By Kevin K. Patel, MD
Recent advances in targeted therapy and immunotherapy are improving outcomes in patients with resectable non-small cell lung cancer (NSCLC), an aggressive disease with a stubbornly high mortality rate.
One in 16 Americans will be diagnosed with lung cancer in their lifetime, the majority at an advanced stage. Many patients with advanced NSCLC have multiple co-morbidities and a history of heavy smoking that affect their ability to tolerate systemic therapies.
Few patients with NSCLC have pathologic stage 1 or stage 2 disease when diagnosed. Resected stage 1A and low-risk stage 1B patients with negative margins do not require adjuvant therapy.
On the other hand, it is recommended that patients with resected high-risk stage 1B cancer – defined as a lung tumor size greater than 4cm and/or poorly-differentiated cancers – or stage 2 or stage 3A disease undergo four cycles of platinum-based doublet chemotherapy.
These NSCLC patients remain at a substantial risk of cancer recurrence even after resection and chemotherapy, with a low five-year survival rate compared to other solid organ cancer patients diagnosed at similar stages.
Yet, recent randomized clinical trials have shown promising results for both tyrosine kinase inhibitor-based (TKI) oral therapies and immunotherapy.
In the ADAURA trial, for example, patients with resected stage 1B to 3A cancer plus an EGFR mutation were randomized to receive up to three years of oral targeted Osimertinib therapy versus placebo. Disease-free survival relative to placebo improved from 52 percent to 89 percent, with a hazard ratio of 0.2; patients had an 80 percent reduced chance of dying as a result of receiving adjuvant Osimertinib therapy.

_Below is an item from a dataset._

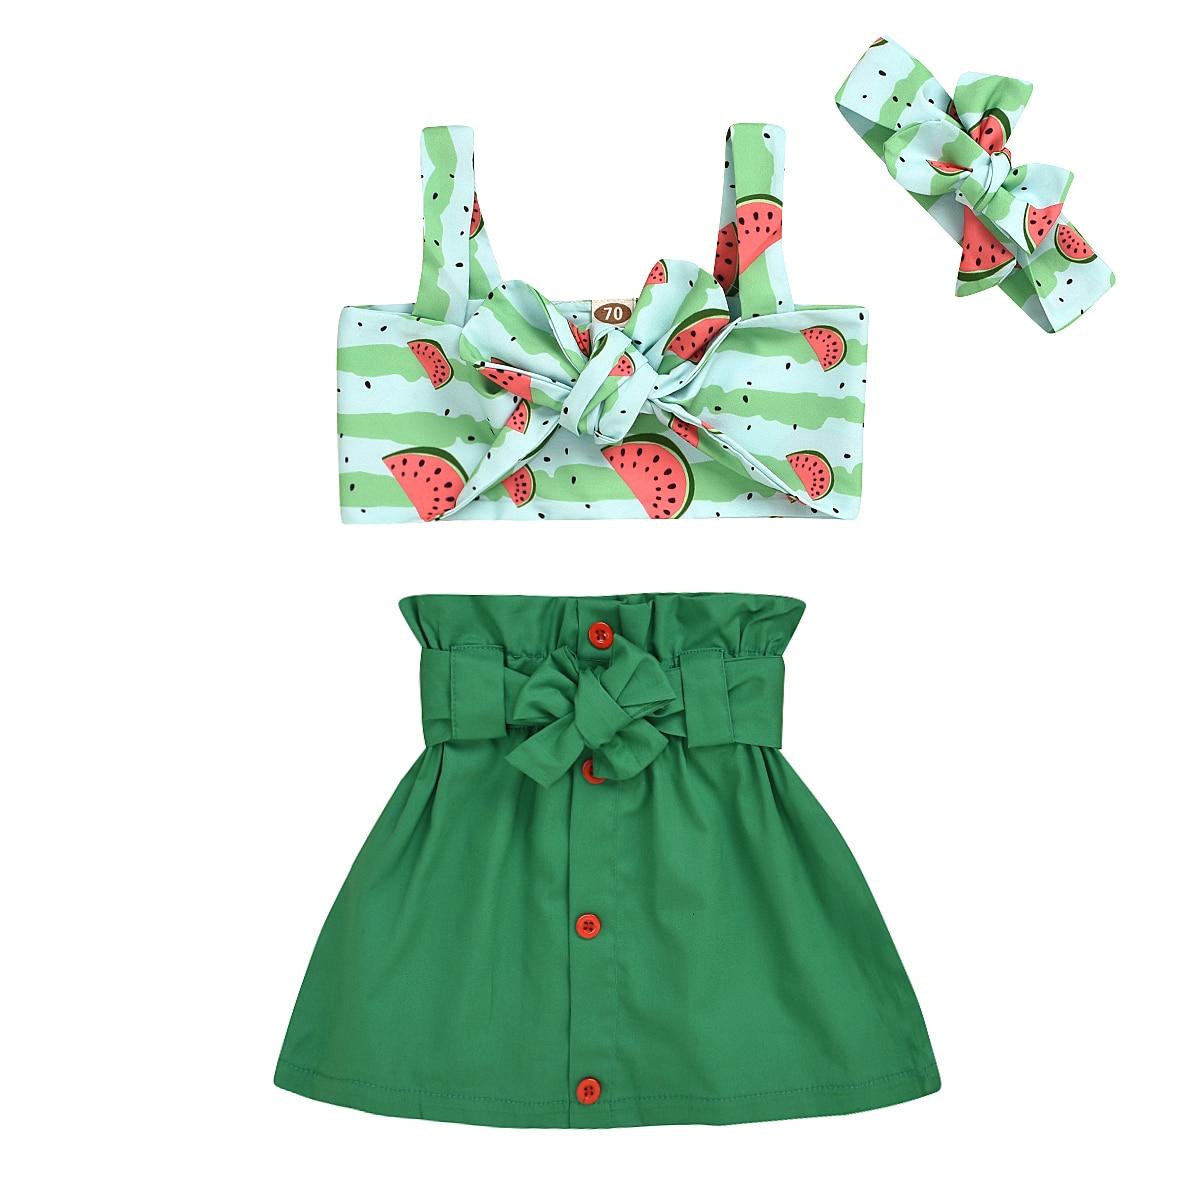 0-24M Newborn  Baby Girls Watermelon Printed Sling Crop Tops + Bowknot Solid Skirt + Headwear Clothes Set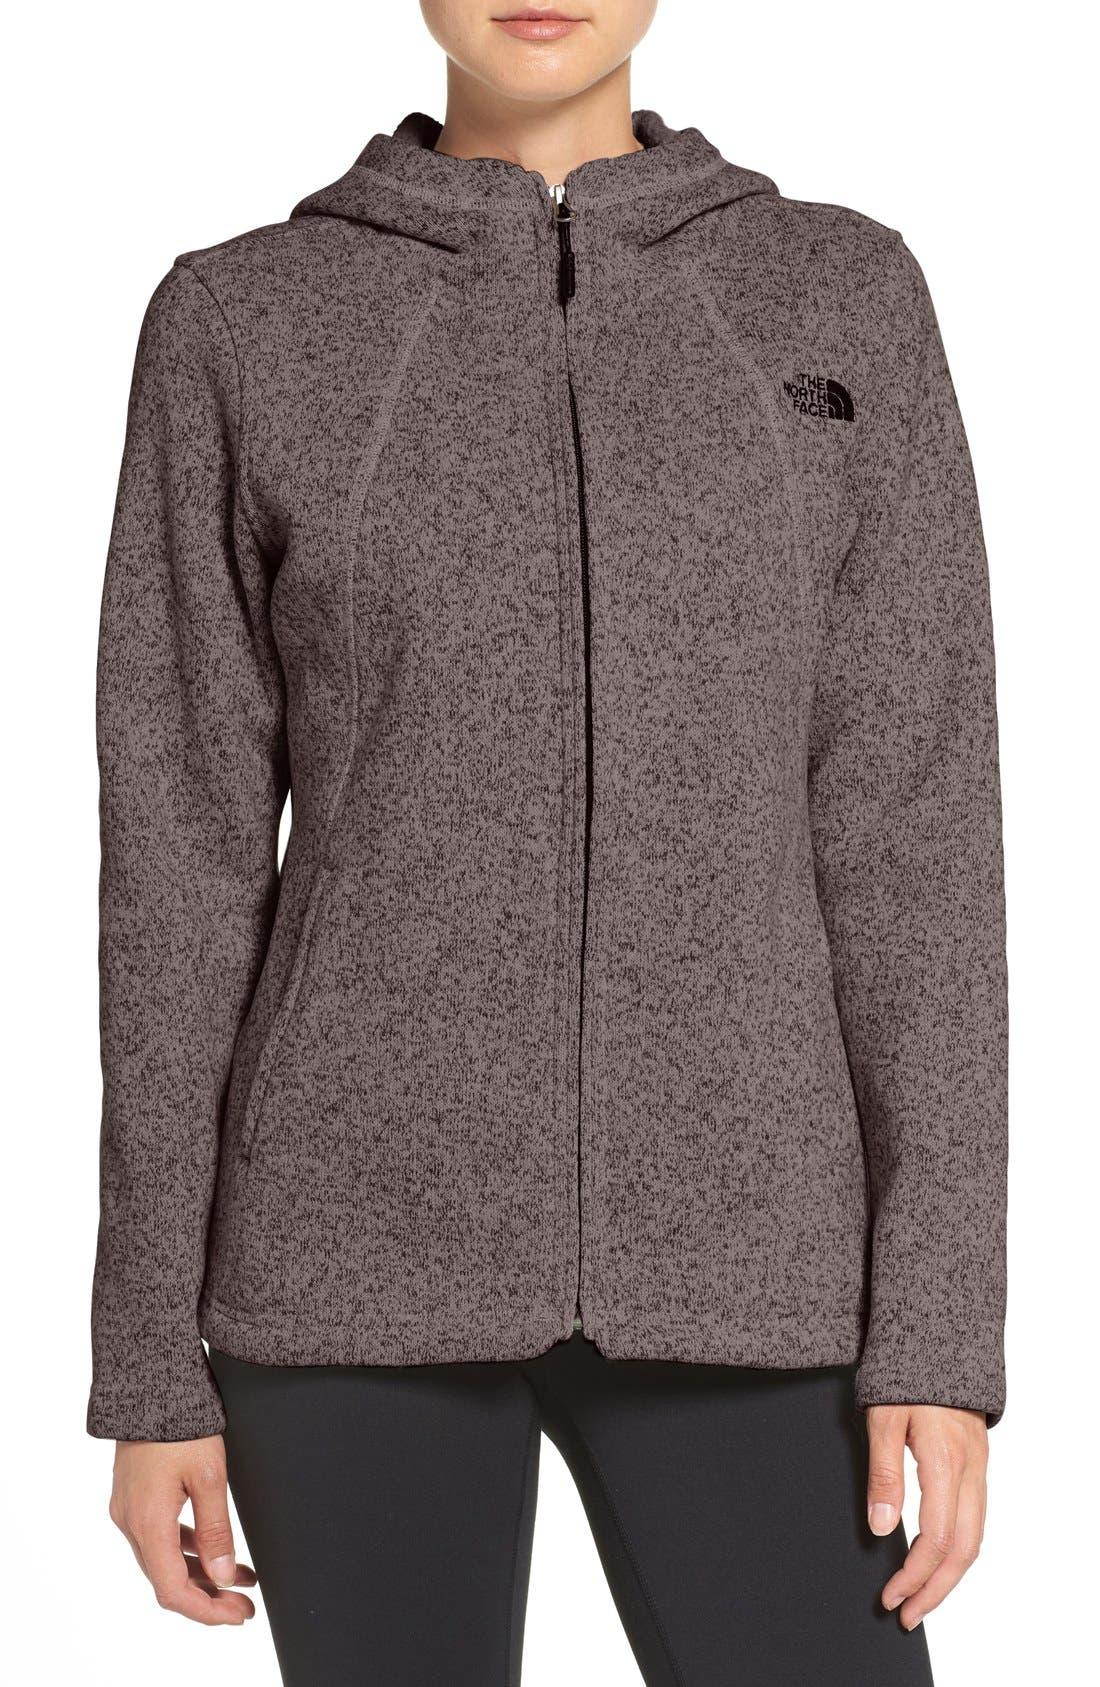 'Crescent' Fleece Jacket,                             Main thumbnail 3, color,

Another new medication, Alectinib, has targeted resected stage 1B to 3A patients with ALK-positive NSCLC. In trials, patients who received two years of this adjuvant therapy versus four cycles of platinum-based chemotherapy had a higher rate of disease-free survival at two years – 94 percent compared to 64 percent, with a hazard ratio of 0.24 percent – and a 76 percent reduced risk of dying.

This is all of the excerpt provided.